The Department of Energy and Climate Change (DECC) in the United Kingdom published its response to its “Consultation on proposals to enhance the sustainability criteria for the use of biomass feedstocks under the Renewables Obligation (RO)” on 22 August 2013 (the Response). The original consultation was published on 7 September 2012.

In the Response, the UK Government confirms that it will proceed with its proposals to revise the content and significance of the sustainability criteria applicable to the use of solid biomass and biogas feedstocks for electricity generation under the Renewables Obligation (RO). The RO is currently the principal regime for incentivising the development of large-scale renewable electricity generation in the United Kingdom. Eligible electricity generators receive renewables obligation certificates (ROCs) for each megawatt hour (MWh) of renewable source electricity that they generate. Biomass qualifies as renewable source electricity, subject to some conditions.

Changes to the criteria

The sustainability criteria associated with the RO is broadly divided into greenhouse gas (GHG) lifecycle criteria, land use criteria and profiling criteria.

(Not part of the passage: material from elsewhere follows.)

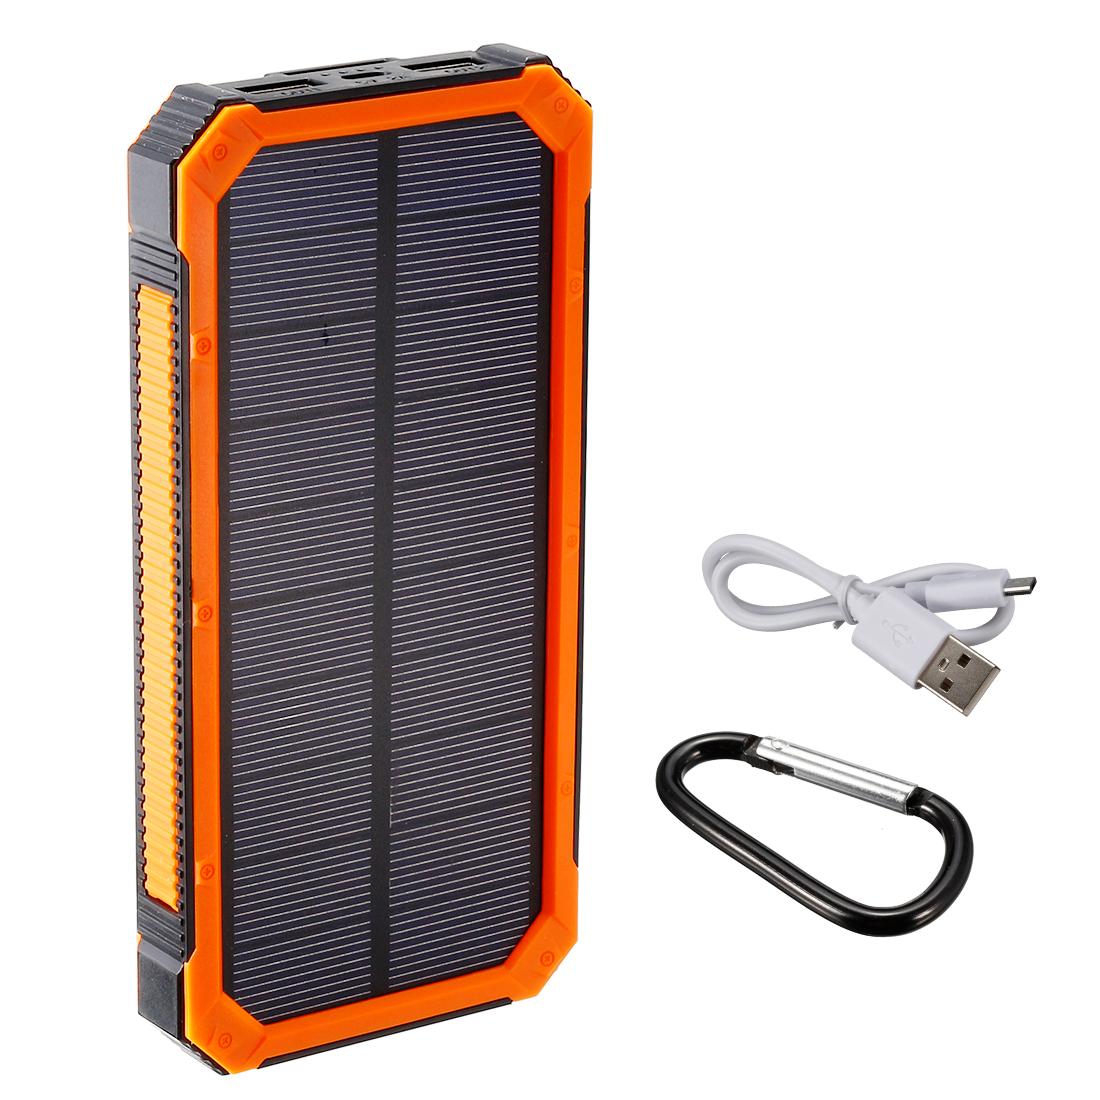 1.5W 10000mAh Solar Charger Dual USB Power Bank Flashlight Orange

There will be changes to all of the criteria, but the significant changes relate to the first two criteria, and will take effect from 1 April 2014.

In general terms, the GHG lifecycle criteria are designed to ensure that each delivery of biomass results in a minimum GHG emissions saving, when compared to the use of fossil fuel. The savings are measured in kilograms (kg) of carbon dioxide equivalent (CO2eq) per MWh over the lifecycle of the consignment (sometimes referred to as “field or forest to flame”). The UK Government has confirmed that all generating plants using solid biomass and / or biogas (including dedicated, co-firing or converted plants and new and existing plants) will be on the same GHG emissions trajectory from 1 April 2020 (200 kg CO2eq per MWh). In the meantime, new dedicated biomass power will be placed on an accelerated GHG emissions trajectory (240kg CO2eq per MWh). All other biomass power will remain on the standard GHG emissions trajectory (285kg CO2eq per MWh) until 1 April 2020.

Changes to the land use criteria will also be introduced. In particular, generating plants using feedstocks which are virgin wood or made from virgin wood will need to meet new sustainable forest management criteria based on the UK Government’s timber procurement policy principles.

The land use criteria set out in the European Union (EU) Renewable Energy Directive 2009 (RED) will continue to apply to the use of all other solid biomass and biogas, with some specific variations for energy crops. As is the current position, the land use criteria will not apply to the use of biomass waste or feedstocks wholly derived from waste, animal manure or slurry.

The new sustainability criteria will be fixed until 1 April 2027, except if the EU mandates or recommends specific changes to the sustainability criteria for solid biomass, biogas or bioliquids, or if changes are otherwise required by EU or international regulation.

Making compliance mandatory

Currently, whilst generators using [...]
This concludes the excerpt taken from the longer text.